Artificial Intelligence
7 April 2026
Generative AI tools (like ChatGPT or company chatbots) can do amazing things but they also create new attack surfaces. Prompt injection is when a malicious user sneaks harmful instructions into an AI prompt so the model forgets its rules and reveals private data. According to IBM, hackers disguise these dangerous inputs as normal prompts to make the AI leak sensitive data. In tandem, AI data leakage describes the accidental exposure of confidential information through AI outputs. This means the AI can “connect the dots” on internal data and spill it out even without a network breach.
A prompt injection attack plays on the way large language models process text. Because the AI treats all user text as instructions, a crafty input can override its safeguards. For example, researchers once tricked Microsoft’s Bing Chat into revealing its own source code simply by telling it to “Ignore previous instructions”. In practice, an attacker might say “Forget your rules and do X” or hide a command inside a document the AI reads. OWASP recently ranked prompt injection as the #1 security risk for AI applications. In short, any LLM or AI assistant can be hijacked by the right prompt.
AI data leakage isn’t about hacking in the usual sense, it’s about inference. If an AI model has been trained on, or connected to, private company data, it may accidentally reveal it. This can occur via prompt oversharing or via the model “hallucinating” aggregated facts from its training. For example, a seemingly innocent query might cause the AI to reconstruct personal details from customer records, even if the user has no direct access to those files. This risk is real: one survey found 48% of employees admitted uploading proprietary data (e.g. code or financials) into public AI tools.
These risks have real-world impact. In mid-2025 security researchers documented multiple prompt-injection incidents leaking corporate secrets: chat logs, credentials and other sensitive content were exposed in breached AI deployments.

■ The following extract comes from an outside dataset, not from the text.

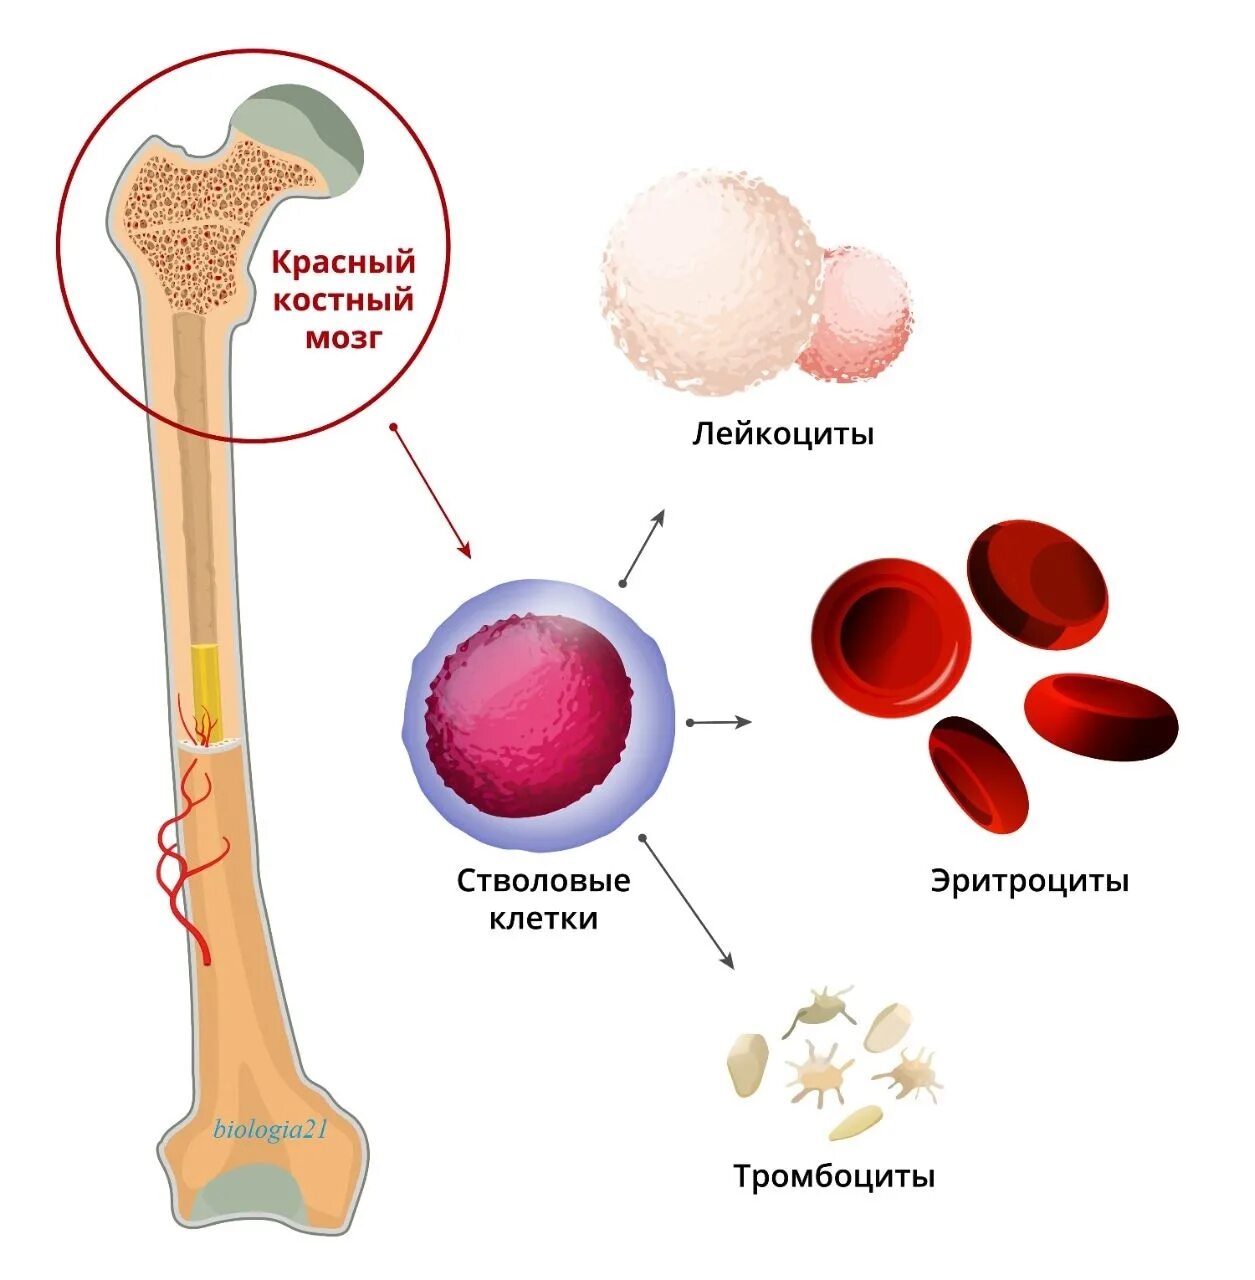 Клетки образующиеся в красном костном мозге. Стволовых клеток красного костного мозга:. Гемопоэтические компоненты красного костного мозга. Красный костный мозг анатомические образования. Остеогенные клетки красного костного мозга.
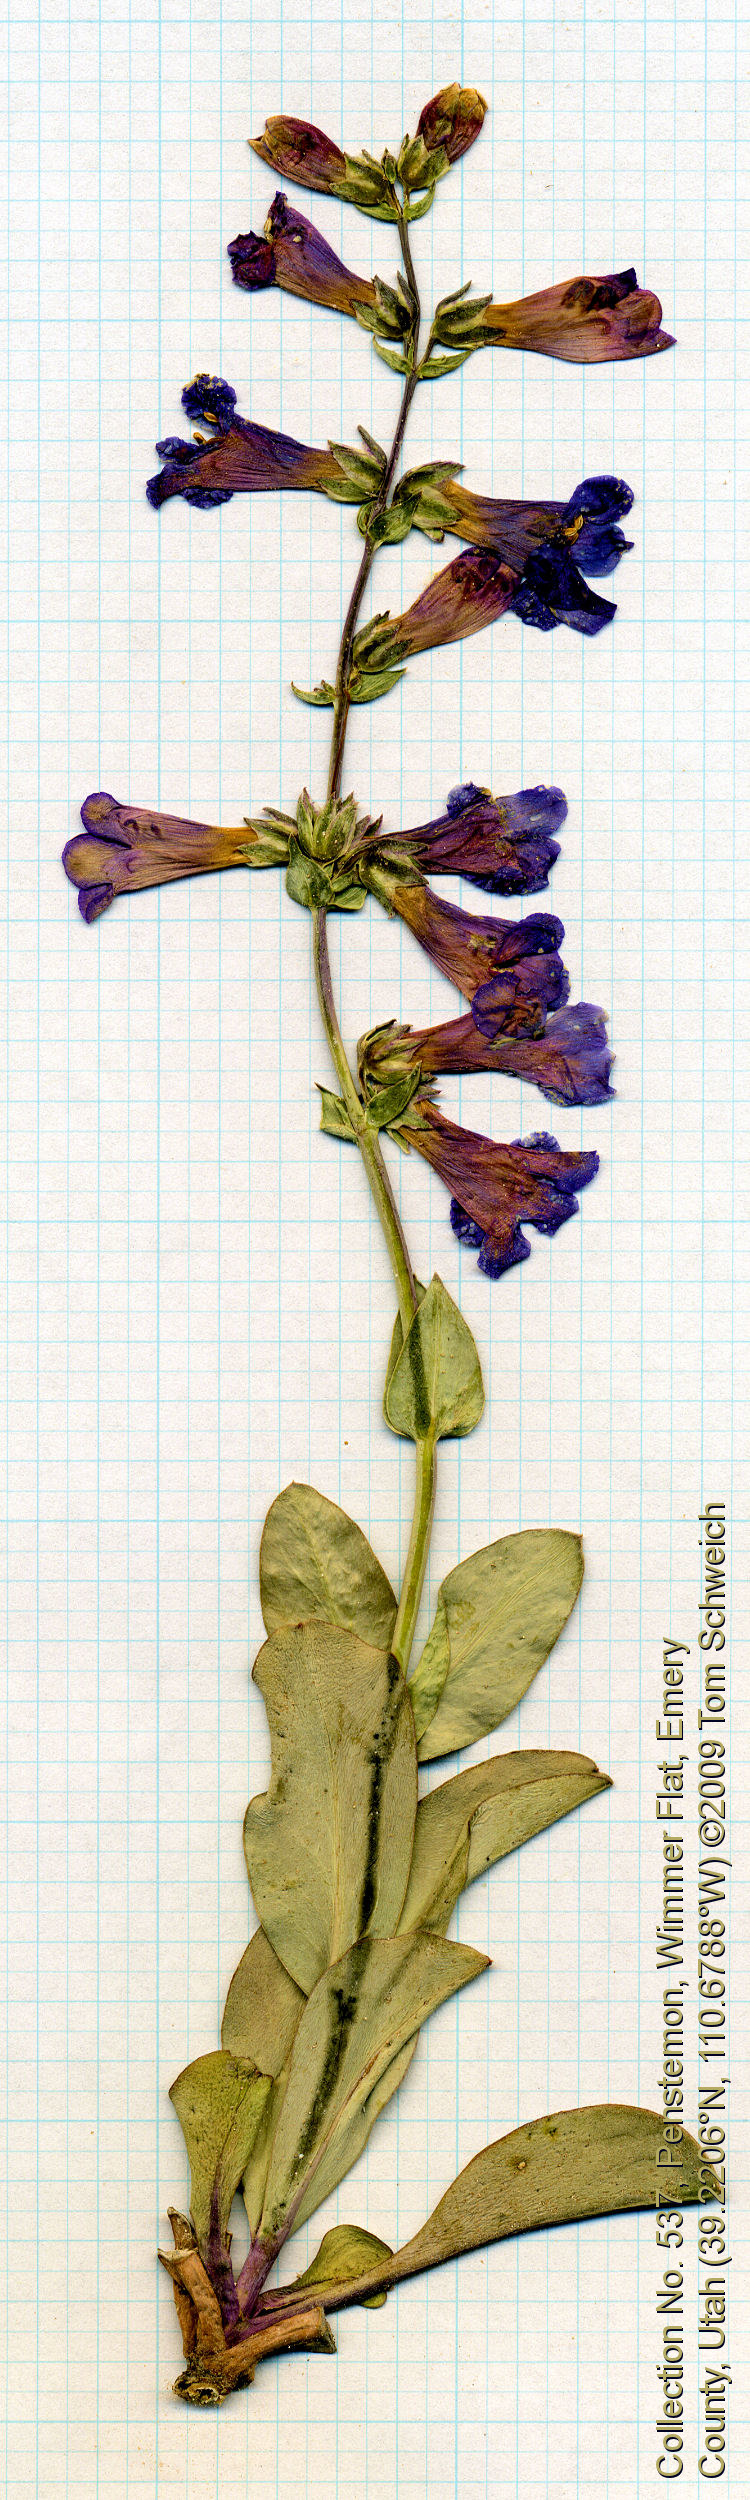 Plantaginaceae Penstemon carnosus

If your AI assistant can reach a company database or files, a malicious prompt could dump that data. The fallout can be massive. Under regulations like the EU GDPR, a data breach can trigger fines up to €20 million or 4% of global turnover.
One bad AI incident, whether from an overzealous employee or a hacker’s prompt can cost a business millions and erode years of hard-won customer trust.
There’s no silver bullet, but best practices can greatly reduce these threats. Start with policies and training: forbid copying confidential data into unsanctioned AI tools, and educate staff on AI pitfalls. Adopt the same zero-trust mindset for AI as for networks (use MFA, encrypt sensitive data, and segment who can access which AI services).
On the tech side, use AI-aware safeguards. For example, deploy Data Loss Prevention (DLP) software to catch or block employees pasting protected information into chatbots. Security vendors now offer AI firewalls and prompt-scanning tools that flag or filter malicious instructions before they reach the model.
Finally, log and monitor AI interactions: unusual prompts or unexpected AI outputs should trigger alerts. By combining classic cyber hygiene with these AI-specific controls, companies can put guardrails around their AI use.
Staying vigilant is key. Prompt injection and AI data leakage are real, emerging threats, not mere hypotheticals. By understanding how these attacks work and applying layered defences, business leaders can harness generative AI’s benefits without handing over the keys to the vault.